OpenNebula
This could have been the first article of this blog. OpenNebula is a modular cloud-oriented solution that could be compared to OpenStack, driving heterogeneous infrastructure, orchestrating storage, network and hypervisors configuration.
In the last 7 months, I’ve been using OpenNebula with Ceph to virtualize my main services, such as my mail server (200GB storage), my nntp index (200GB mysql DB, 300GB data), my wiki, plex, sabnzbd, … pretty much everything, except my DHCP, DNS, web cache and LDAP services.
A few before leaving Smile, I also used OpenNebula and Ceph to store our system logs, involving Elasticsearch, Kibana and rsyslog-om-elasticsearch (right: no logstash).
This week, some customer of mine was asking for a solution that would allow him to host several Cpanel VPS, knowing he already had a site dealing with customer accounts and billing. After refusing to use my scripts deploying Xen or KVM virtual machines, as well as some Proxmox-based setup, we ended up talking about OpenNebula.
The service is based on a single SoYouStart dedicated host, 32GB RAM, 2x2T disks and a few public IPs.
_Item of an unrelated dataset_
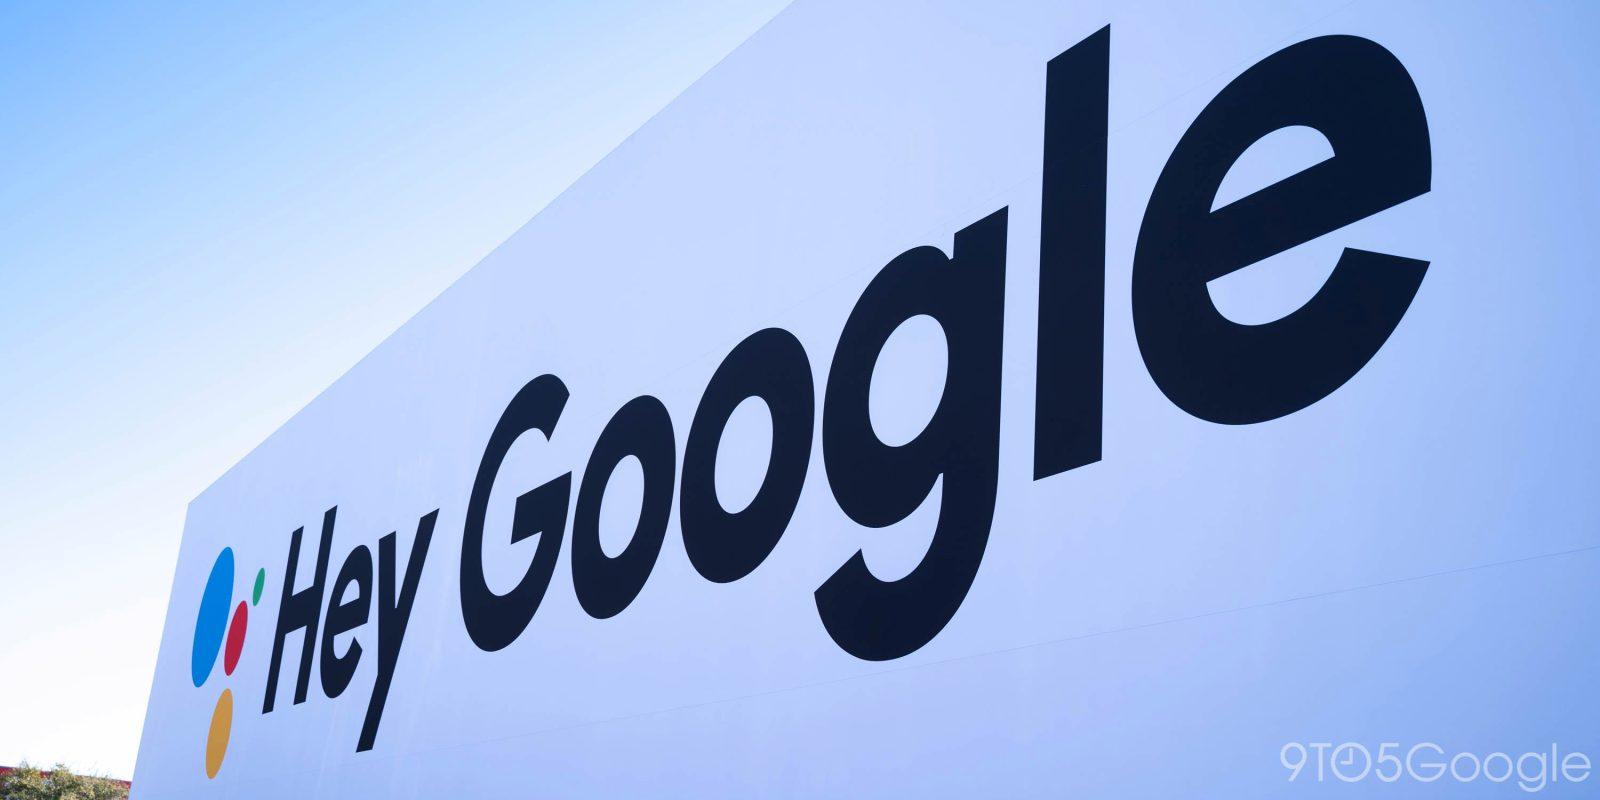 Usunięcie Google Duo na rzecz Meet

Sadly, OpenNebula is still not available for Debian Jessie. Trying to install Wheezy packages, I met with some dependency issues, regarding libxmlrpc. In the end, I reinstalled the server with the latest Wheezy.
From there, installing Sunstone, OpenNebula host utils, registering localhost to my compute nodes and my LVM to my datastores took a couple hours.
Then, I started installing centos7 using virt-install and vnc, building cpanel, installing csf, adding my scripts configuring network according to nebula context media, … the cloud was operational five hours after Wheezy was installed.
I finished by writing some training support (15 pages, mostly screenshots) explaining the few actions required to create a VM for a new customer, suspend his account, backup his disks, and eventually purge his resources.
At first glance, using OpenNebula to drive virtualization services on a single host could seem overkill, to say the least.
Though having a customer that don’t want to know what a shell looks like, and when even Proxmox is not an acceptable answer, I feel confident OpenNebula could be way more useful than we give it credit for.